The Manager of ES said the ED is the last area to receive meal trays.
Tag No.: A0701
Based on a tour conducted at 9:55 AM on 3/23/10, it was determined the ED was not being maintained in a manner that assures patient safety and well-being.
Findings included (but were not limited to):
The tour of the ED revealed a relatively new (opened in 2006) large department with 40+ treatment rooms, separate ambulatory and ambulance entrances, and flooring that was splattered with dark substances and littered with dust bunnies.
The tour also revealed:
> dusty stretchers in rooms #14, #20 and #21.
> foot stools splattered with dried, light and dark substances in the Zone 1 Medication Room and in rooms #14, #19 and #21.
> dusty metal rolling tables in rooms #17 and #19.
> waste cans splattered with dried, light and dark colored substances in rooms #17, #20, #21 and #23.

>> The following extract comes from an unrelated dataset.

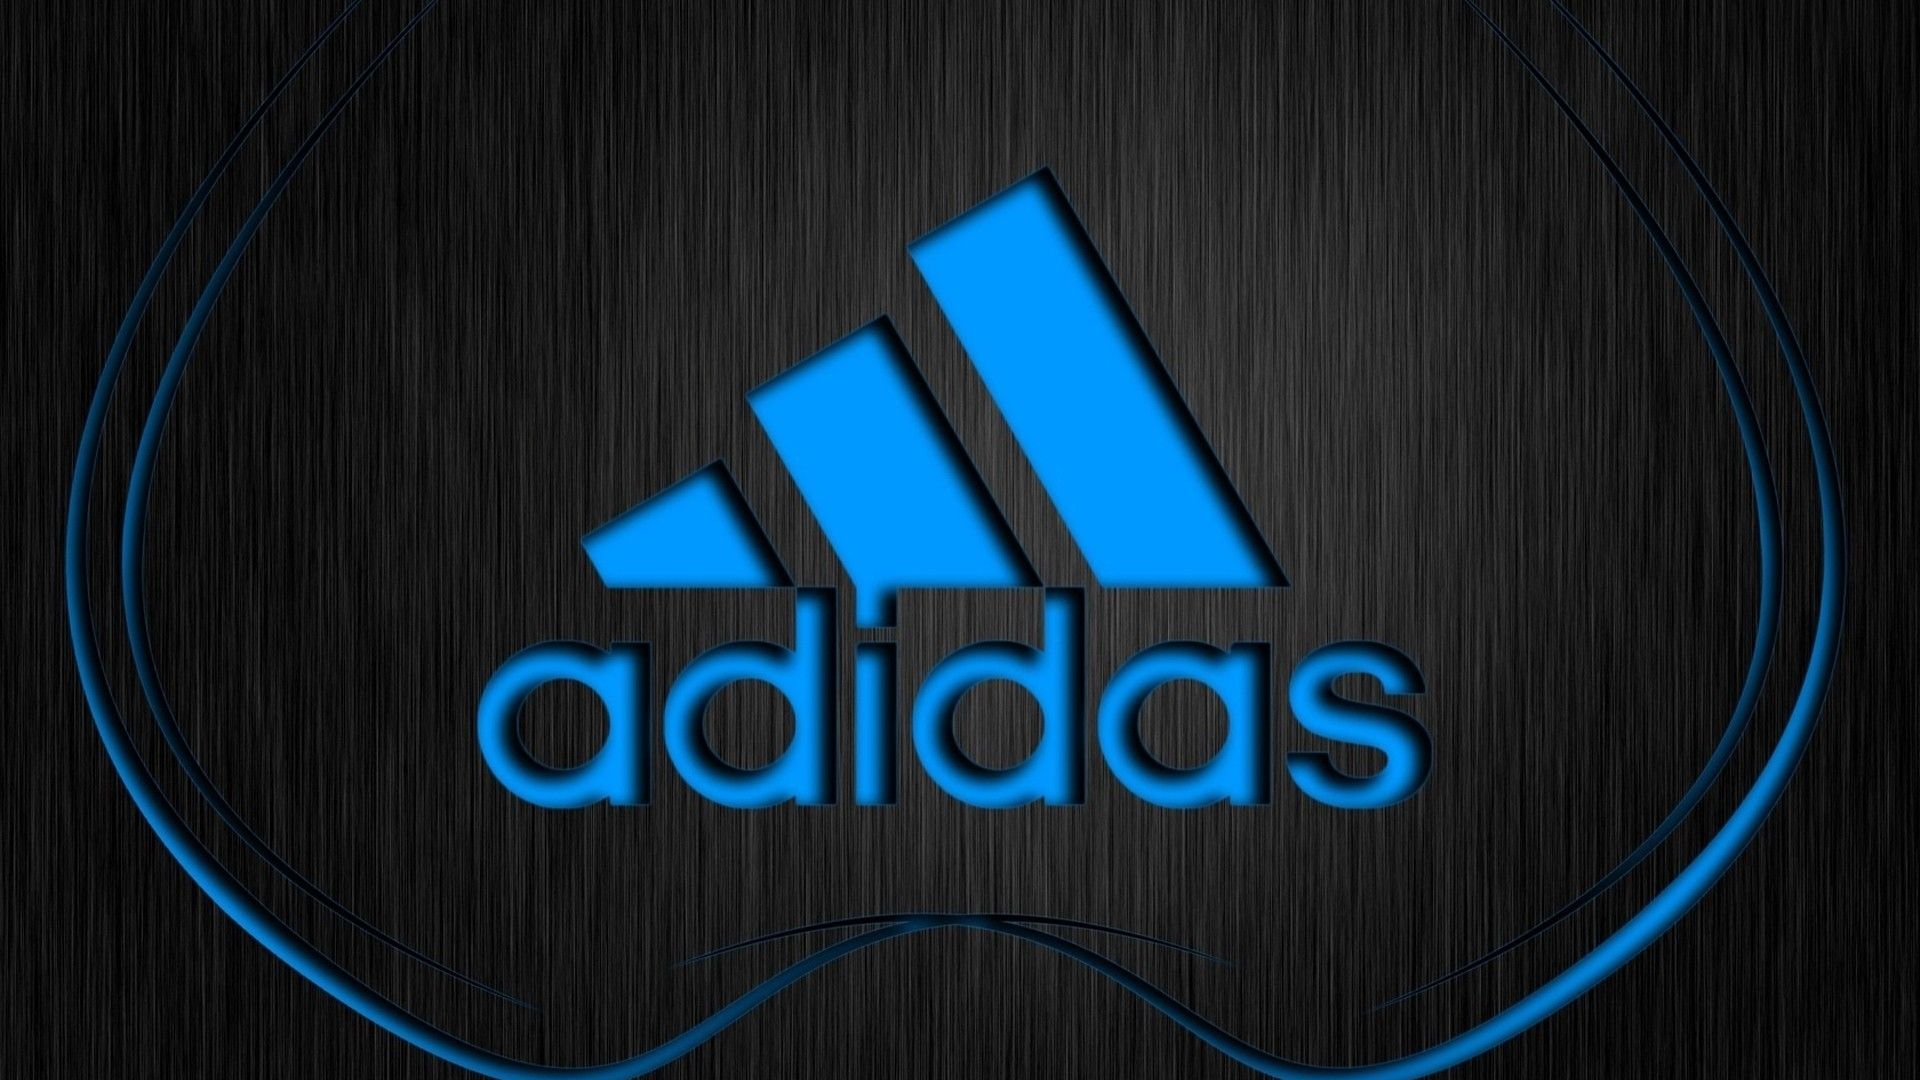 adidas logo hd wallpapers 1080p

> dusty GYN exam tables in rooms #17 and #23.
> lower walls splattered with dried, dark colored substances in the Zone 1 bathroom and in rooms #20, #21 and #24.
> 5 dusty mobile computers (computers on wheels).
> 2 dusty EKG machines.
> a dusty GYN Cart, Precaution Cart and Open Thoracotomy Cart.
> dusty Ortho, Suture, Respiratory and Difficult Intubation Carts that were also splattered with dried, light and dark substances.
> dusty IV (supply) baskets and PAX screens/screen areas.
> that the walls, papers on the walls and the inside door of the Zone 1 Medication Room were splattered with dried substances in a variety of colors.
> sinks splattered with dried, light and dark substances in the Zone 2 Medication Room and the Restroom located near the Waiting Area.
> a Kitchenette refrigerator splattered with dried dark substances.
Tag No.: A1103
Based on interview and documentation review, it was determined a hospital bed was not made available to Patient #1; an ED patient who waited approximately 12 hours for an inpatient telemetry bed.
Findings included:
Please see Tag A 347 for information regarding Patient #1 and the ED care of Patient #1.
Medical record documentation indicated Patient #1 also had a history of back surgery.
The Manager of ES said hospital beds are not provided to ED patients with prolonged stays because the ED treatment rooms are not big enough for beds. The Manager of ES also said that as ED stretchers and/or stretcher mattresses are replaced, they are being replaced with thicker mattresses.
A tour of the ED revealed treatment rooms large enough to accommodate hospital beds.